О трагическом чувстве жизни у людей и народов - [19]
Вот беру я наугад первую оказавшуюся под рукой книгу по метафизике: Time and L'Space. A metafhysical essay{31} Шейвурта Ходжсона; открываю ее и в пятом параграфе первой главы читаю: «Метафизика есть, собственно говоря, не наука, а философия; то есть наука, цель которой заключается в ней самой, в услаждении и воспитании умов, которые ее возделывают, а не в каких бы то ни было внешних целях, таких как обоснование искусства достижения благополучия в жизни». Давайте разберемся. Во-первых, мы видим, что метафизика не есть, собственно говоря - properly speaking, - наука, то есть, that is, она есть наука, цель которой и так далее. И эта наука, которая не есть собственно наука, имеет свою цель в самой себе, в услаждении и воспитании тех умов, которые ее возделывают. Итак, на чем же мы остановимся? Имеет ли она свою цель в самой себе или же цель ее в услаждении и воспитании умов, которые ее возделывают? Либо одно, либо другое. Далее Ходжсон поясняет, что целью метафизики не является какая бы то ни было внешняя цель, например, обоснование искусства достижения жизненного благополучия. Но разве услаждение ума, который возделывает эту философию, не является составной частью его жизненного благополучия? Читатель, вникни в содержание этого отрывка из книги английского метафизика и скажи мне, разве не соткан он из противоречий?
Это неизбежно, когда речь идет о том, чтобы по-человечески понять смысл этого тезиса о науке, знании, цель которого находится в нем самом; этого тезиса о знании ради самого знания, познании истины ради самой истины. Наука существует только в личном сознании и только благодаря ему; астрономия и математика не имеют никакой другой реальности, кроме той, которую и качестве знания они имеют в умах тех, которые их изучают и возделывают. И если бы в один прекрасный день должно было исчезнуть всякое личное сознание на земле, если бы в один прекрасный день дух человеческий обратился в ничто, то есть в абсолютную бессознательность, из которой он когда-то вышел, и не стало бы уже духа, который воспользовался бы плодами, накопленными всей нашей наукой, для чего тогда была бы нужна наука? Ибо не следует упускать из виду тот факт, что в проблеме личного бессмертия души речь идет о будущем всего рода человеческого.

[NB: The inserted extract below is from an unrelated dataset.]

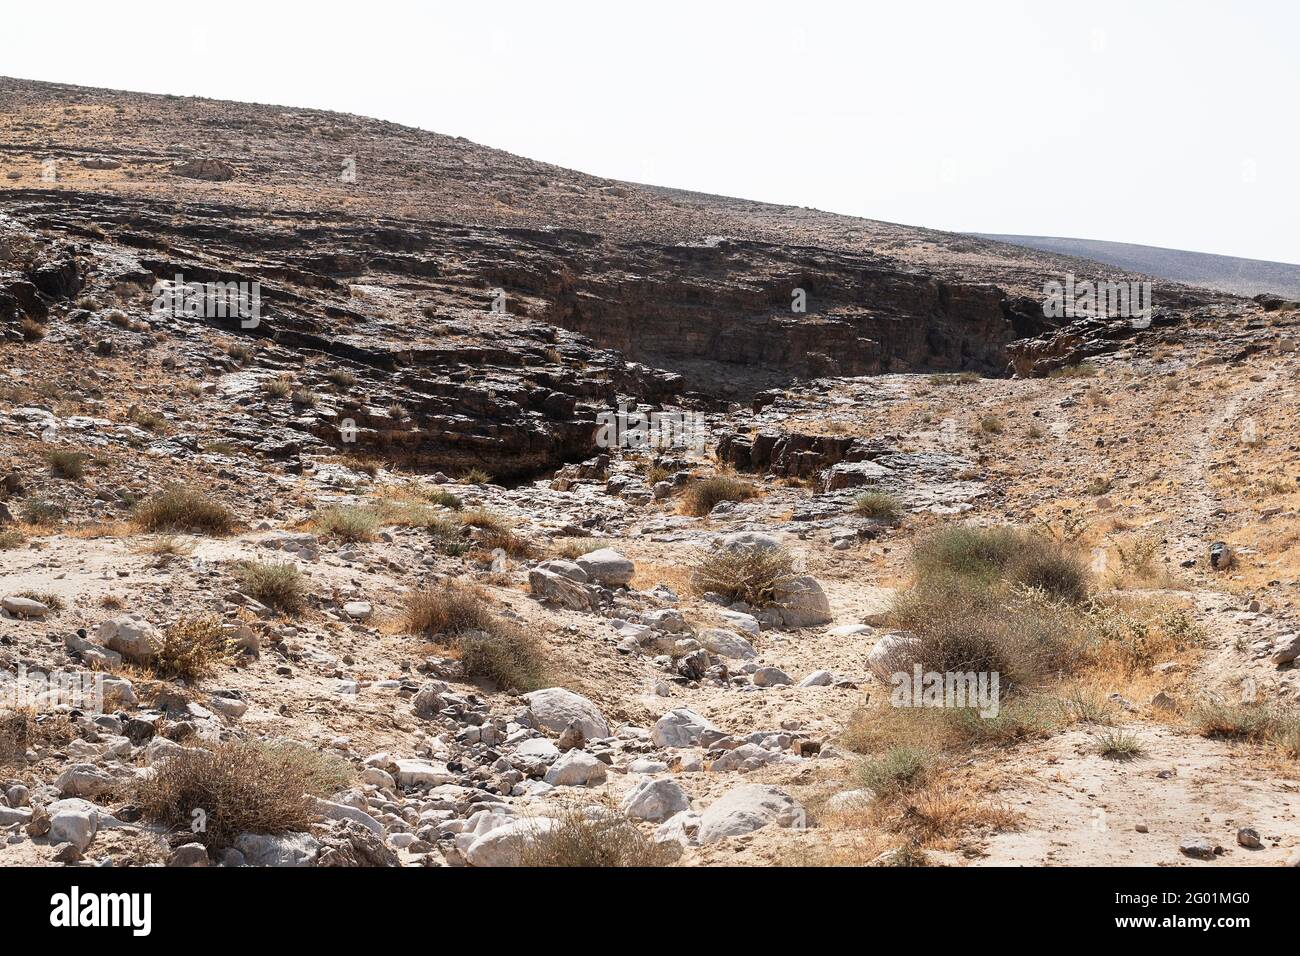 Typische Negev-Wüstenlandschaft südöstlich von Arad in Israel zeigt Eine Schlucht, die aus Furnischichten mit Brocken gebildet wird Kreide im Vordergrund Stockfoto

Эту цепочку противоречий, в которые впадает англичанин, пытаясь объяснить нам суть науки, чья цель находится в ней самой, легко понять, если видеть в этом англичанине прежде всего человека. Наверное немецкий специалист, философ, который сделал философию своей специальностью, и заживо похоронил себя в ней, предварительно убив в себе человека, гораздо лучше объяснил бы суть науки, чья цель находится в ней самой, и суть знания ради знания.
Возьмите, к примеру, человека Спинозу, этого португальского еврея, которого судьба забросила в Голландию; прочтите его Этику, воспринимая ее такой, как она есть, читая ее как преисполненную отчаяния элегическую поэму, и скажите мне, разве не слышится в ней доносящееся из-под точных, и на первый взгляд, невозмутимых теорем, изложенных more geometrico{32}, скорбное эхо пророческих псалмов? Это не философия смирения, но философия отчаяния. Когда он писал, что человек свободный ни о чем так мало не думает, как о смерти, и его мудрость состоит в размышлении не о смерти, а о жизни - homo Liber de nulla re minus quam de morte cogitat et euis sapientiam non mortis, sed vitae meditatio est (Этика, ч. IV, теорема LXVII), когда он это писал, то, не менее чем кто-либо, чувствовал себя рабом, он думал о смерти и писал для того, чтобы освободиться от этой мысли, хотя желание освободиться от нее было тщетным. Точно так же, написав теорему XLII части V, согласно которой «счастье не есть награда за добродетель, но сама в себе добродетель», он не чувствовал уверенности в том, что писал. Ибо люди для того и философствуют, чтобы убедить самих себя, хоть и не достигают никогда этой цели. Это желание убедить себя, то есть превзойти свою собственную человеческую природу, и есть истинный внутренний исходный пункт большинства философских доктрин.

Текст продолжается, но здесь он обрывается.